◆ **WHAT YOU WILL DO**: After locating the line with "Prologo Plaintouch Bar" in the entries below, output it and each following line up to and including the line with "Solarium (P310-7) - Split-Complementary", exactly and without pictures.

◆ **DATA**:
=-=-=-=-=

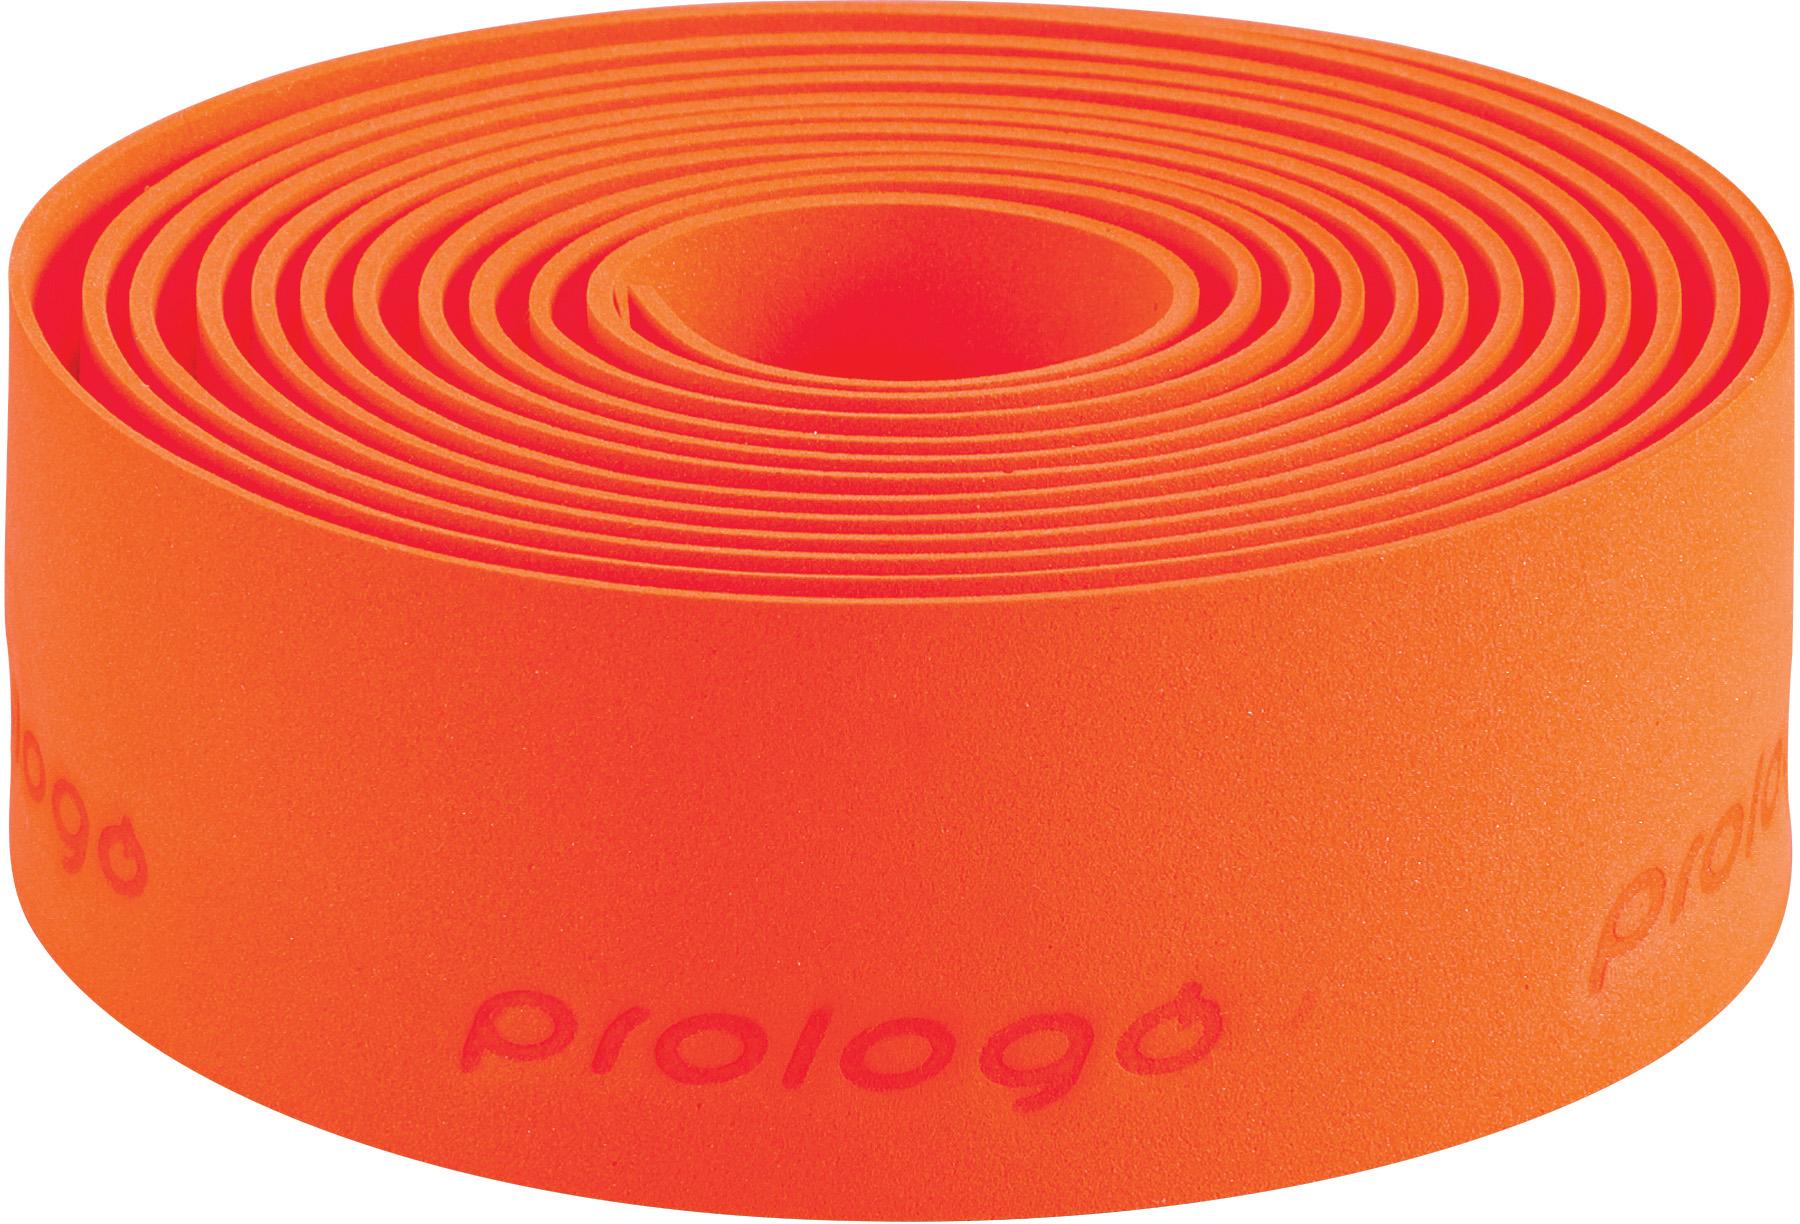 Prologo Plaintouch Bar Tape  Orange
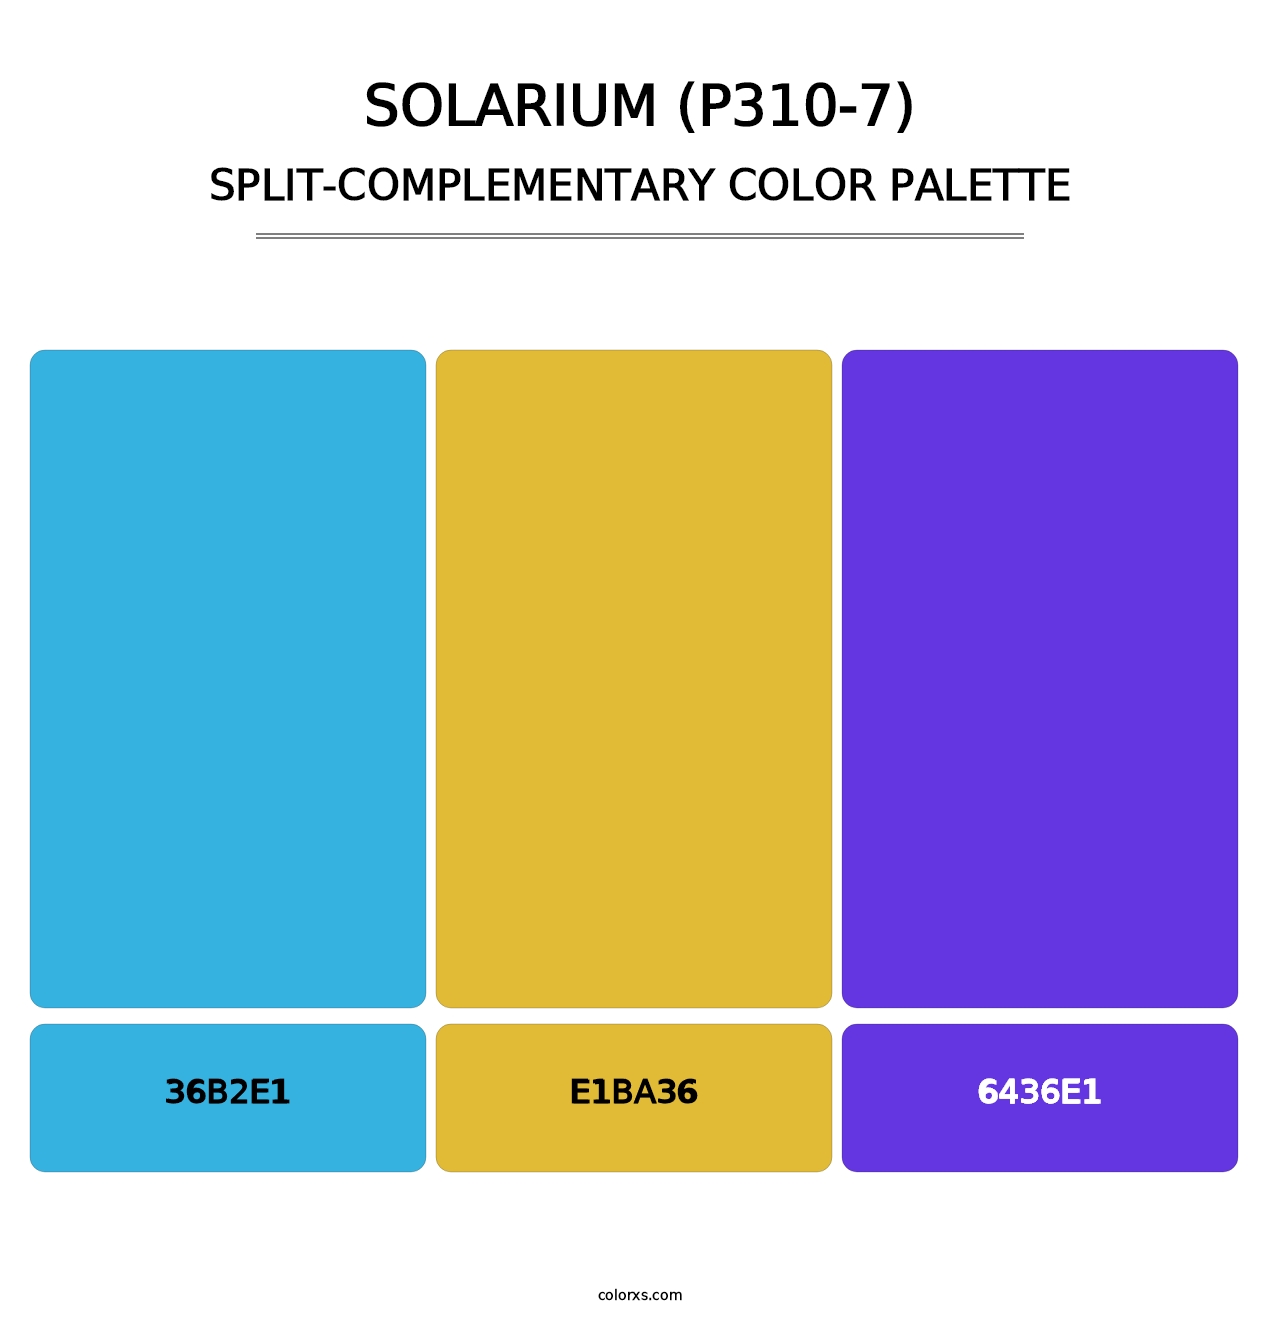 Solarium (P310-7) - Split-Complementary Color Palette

=-=-=-=-=

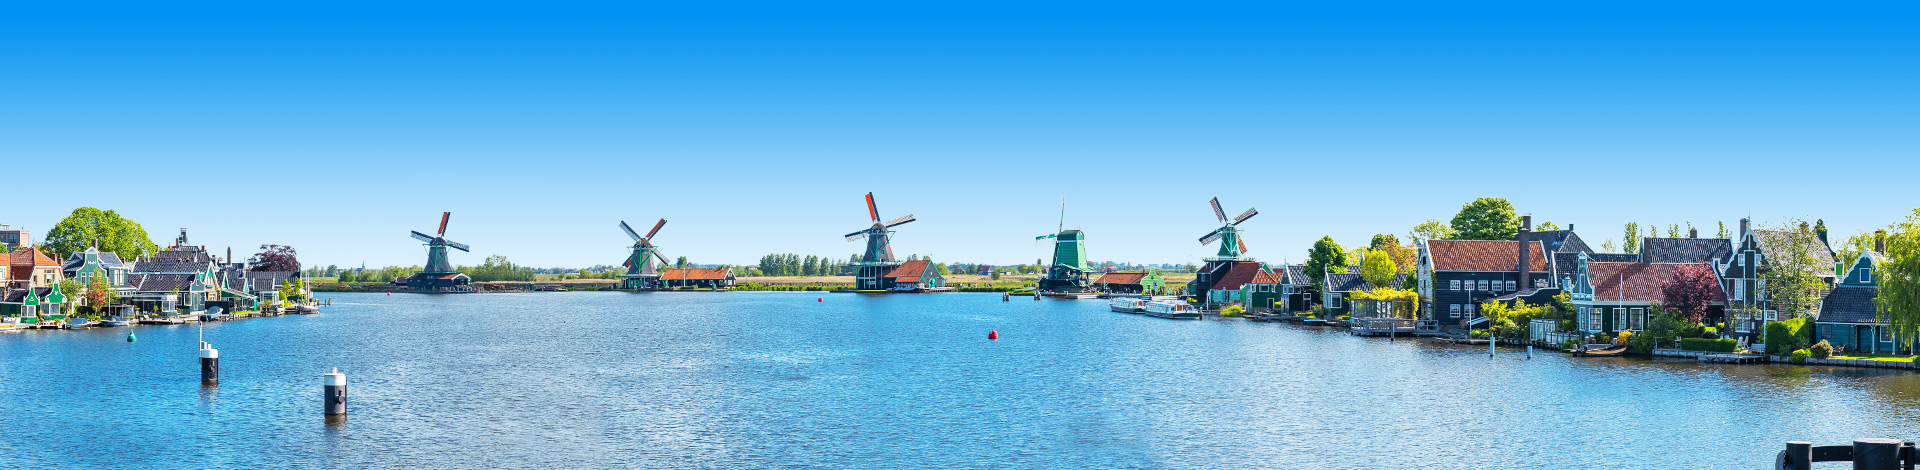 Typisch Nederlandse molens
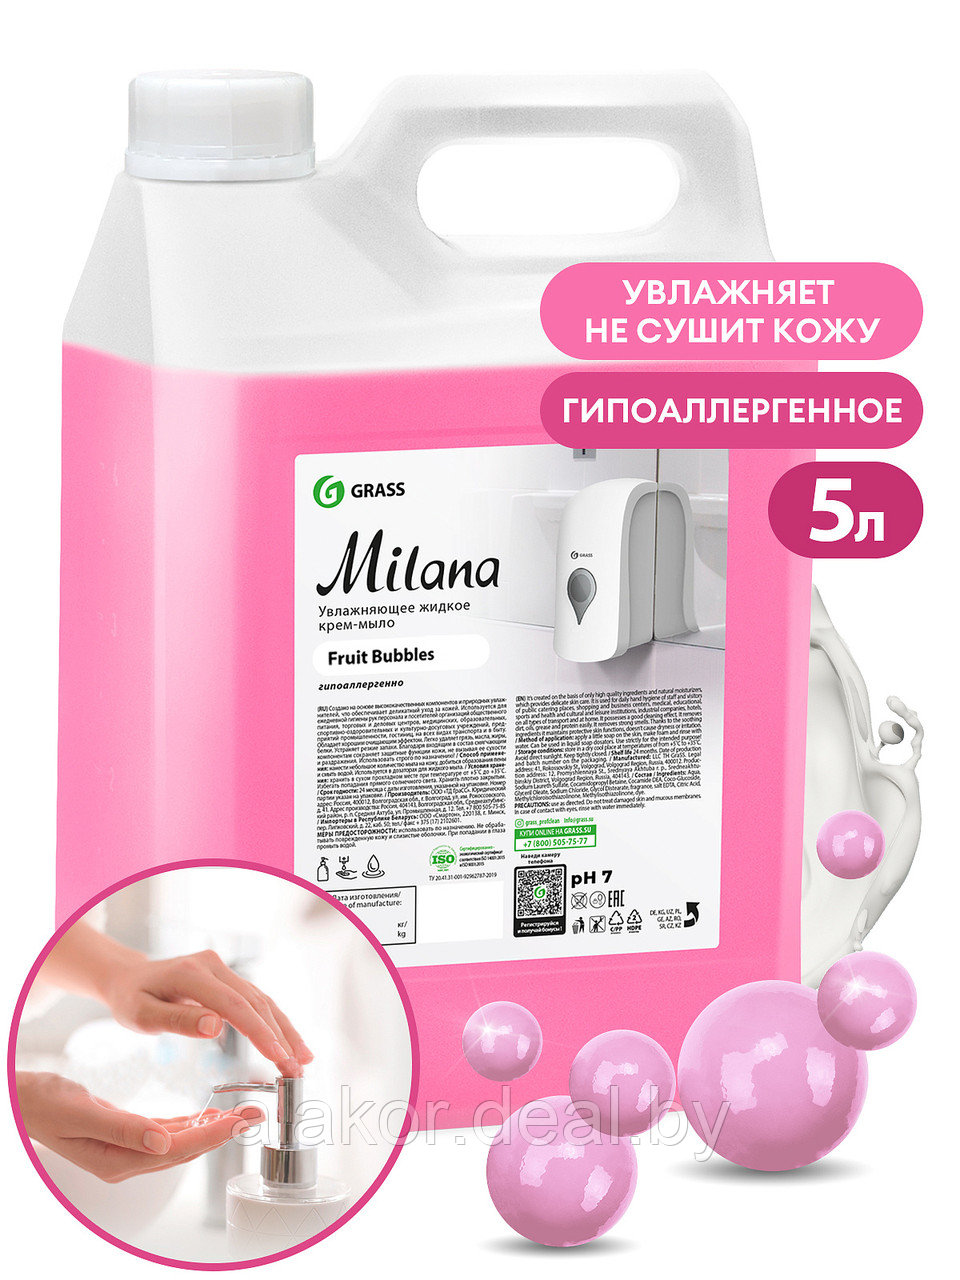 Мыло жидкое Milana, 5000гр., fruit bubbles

=-=-=-=-=

◆ **ANSWER TO THE EXERCISE**:
 Prologo Plaintouch Bar Tape  Orange
 Solarium (P310-7) - Split-Complementary Color Palette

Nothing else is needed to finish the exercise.